やる気・実力ともに問題なく、申し分のない成績を出している彼女だけれど、企業の担当者は心苦しそうに「華がない」と言う。いつも動きやすそうなカンフースーツを着て、一人称が僕の彼女。特に反抗的ということもないけれど、女の子らしさがないと考える担当者から、両親のプレゼントである花の飾りがついたピンを差し出されるも、絶対につけないと抵抗する。
バーナビーは両親殺害現場にいた男の記憶を思い出そうとするが、あと一歩のところで思い出せない。炎が充満している自宅に立っている男。顔のところが影になっていて、見えない。

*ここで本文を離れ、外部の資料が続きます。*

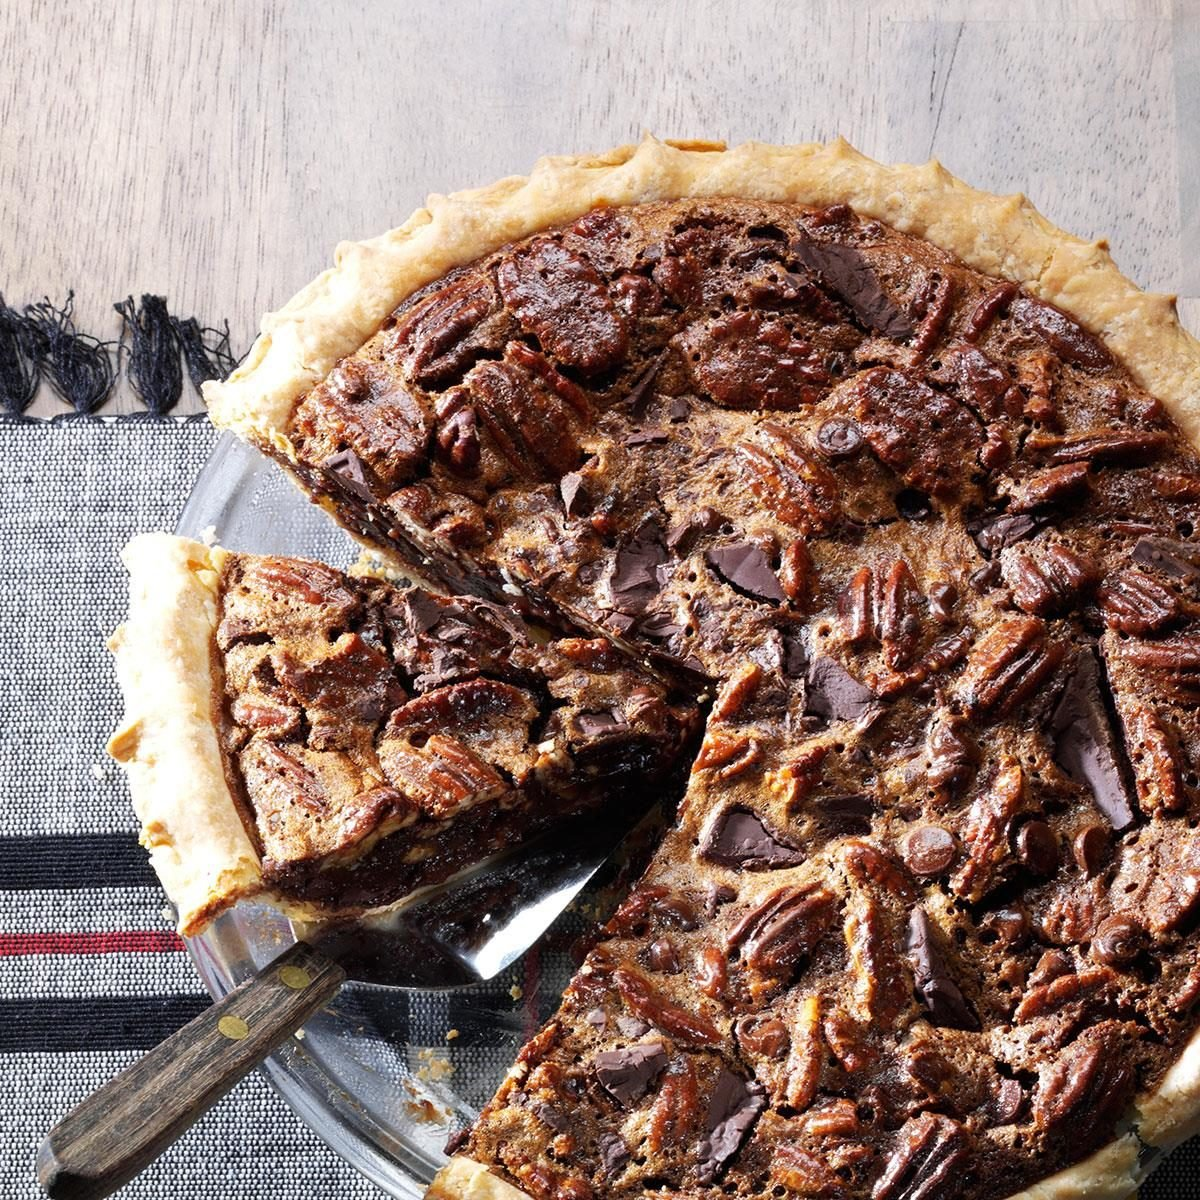 Missouri: Ultimate Chocolate Chunk Pecan Pie

斎藤さん制作のカプセルでそれぞれ休養を取っていたタイガーアンドバニー。アニエスから「ワイルドタイガーに」緊急事態だという呼び出しが入る。慌ててバーナビーともども駆けつけた虎徹に与えられたのは、市長の息子だという赤ん坊・サムだ。最近資産家の子供を狙う誘拐犯が増えているので、ベビーシッターでは不安だという市長がヒーローを頼ってきたのだと言う。警察は?とか言うと話が終わってしまうので言わない。警察は国民のもの国家のものだし、サラリーマンのヒーローに頼むほうがある意味理にかなっているのか。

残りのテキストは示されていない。